In the sequel, Rosa, now 59 years old, has moved to Miami (a "hellish place") after literally destroying the junk shop in New York which she had owned. She lives an isolated life in a dilapidated one room apartment. Stella, who remained in New York, supports her financially, and is her primary source of contact with the outside world. A serendipitous meeting at a laundromat with a Mr. Persky, however, changes Rosa's life.

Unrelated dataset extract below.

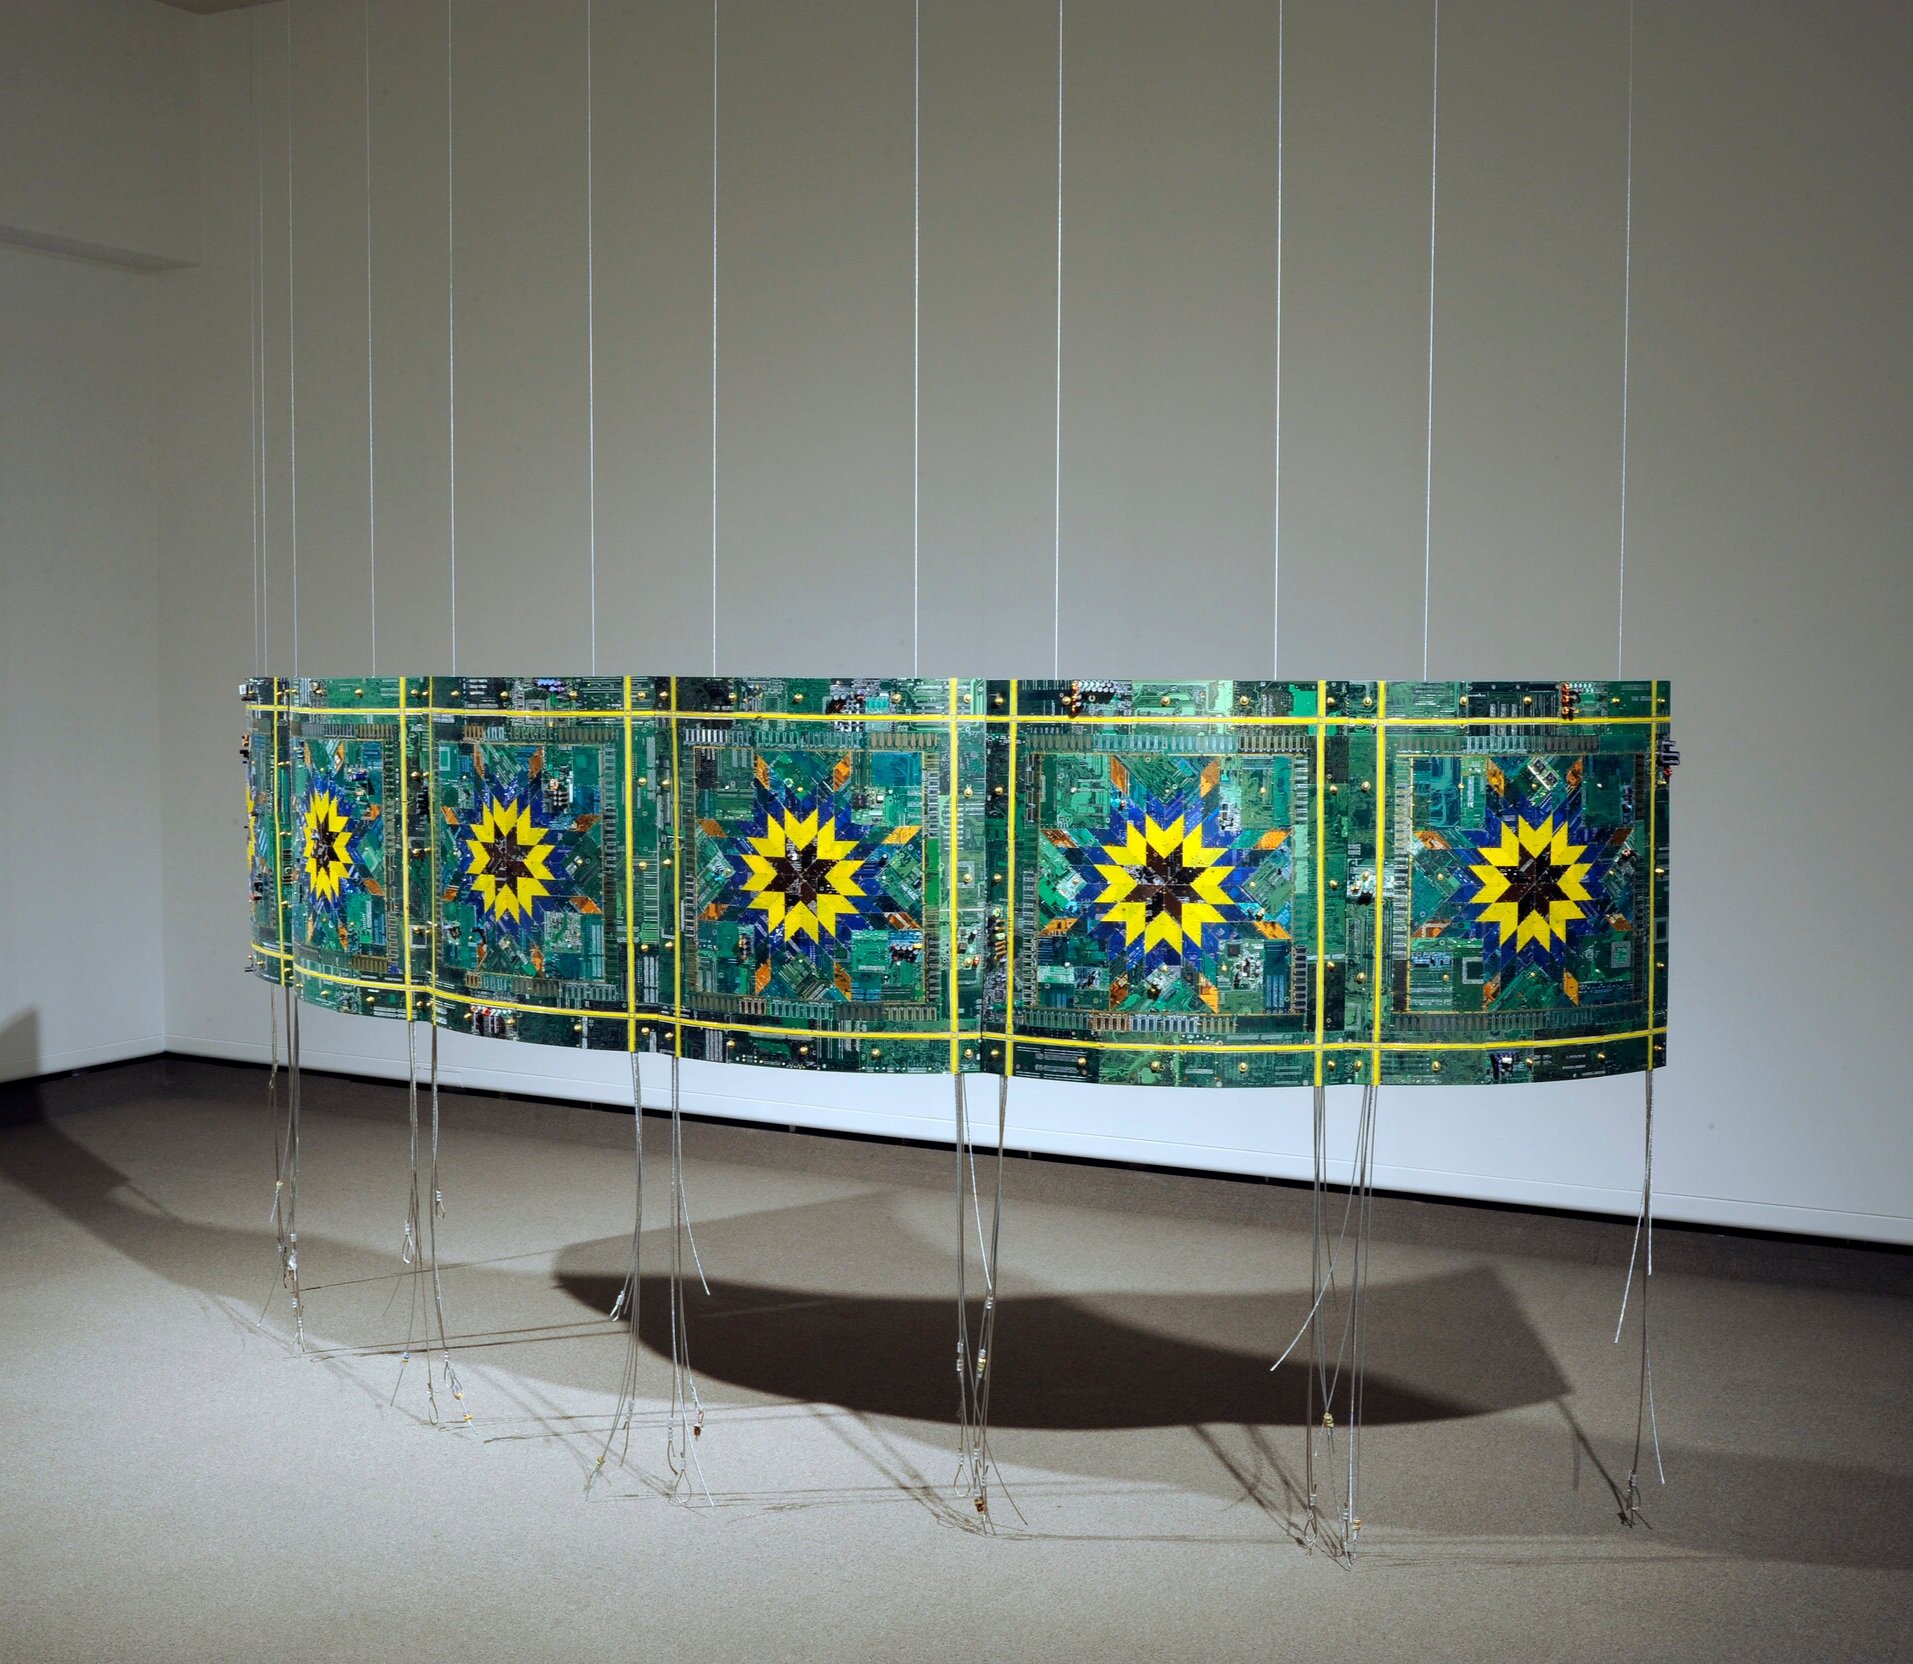   Shield Wall , 2008, Computer circuit boards, plexiglass, copper wire, enamel paint and recycled materials, 155 x 193 x 86 cm COURTESY OF DON HALL  
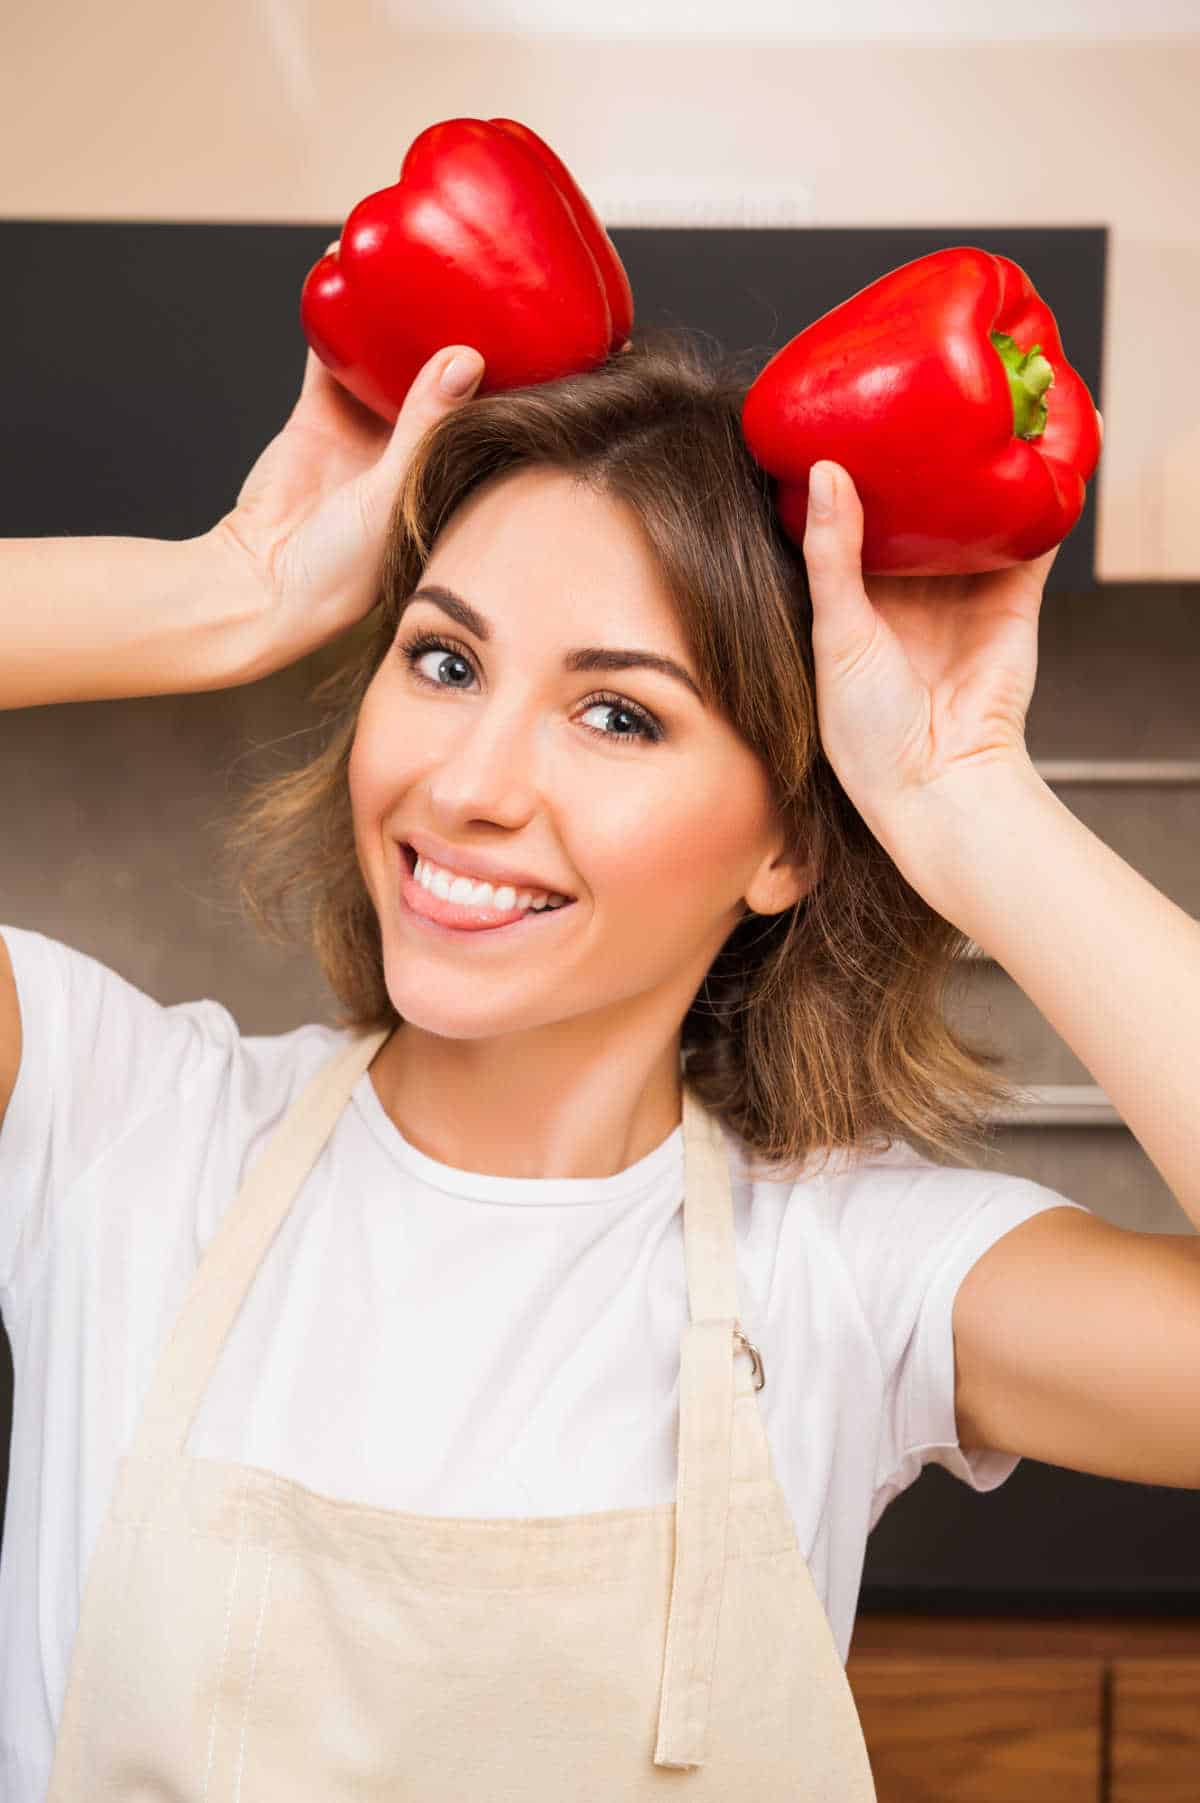 Woman holding bell peppers.

This is not to imply that there is a romanticized ending to this story--just a glimmer of hope of reconnection to the world is offered. For Rosa was still living the holocaust. As she put it--there's life before, life during (Hitler's reign) and life after--"Before is a dream. After is a joke. Only during stays." This orientation to the world is what Persky challenges.
Miscellaneous
Publisher
Random House: Vintage International
Place Published
New York
Edition
1990
Page Count
69
Commentary
The shawl and its connection to the core event in Rosa's life continues to carry significance in the second story. Throughout the second story Rosa eagerly awaits its arrival from Stella--although Rosa doesn't need such a "talisman," as Stella refers to it, to evoke the images of her deceased daughter and of Rosa's family's contented life in pre-war Warsaw. In fact, Rosa has created countless lives for her daughter, with whom she regularly communicates, usually sharing with her stories of the grandeur of Warsaw. One could see Rosa as a crazy woman, one way she refers to herself, but one can't help empathize with her and her struggle to maintain sanity and dignity in the face of evil.
Another theme which emerges in this book is the use of the term "survivor" and those who study "them". Ozick has addressed this in other forums and does so through Rosa as well--clearly finding their objectification of these persons who have suffered so much another form of inhumanity.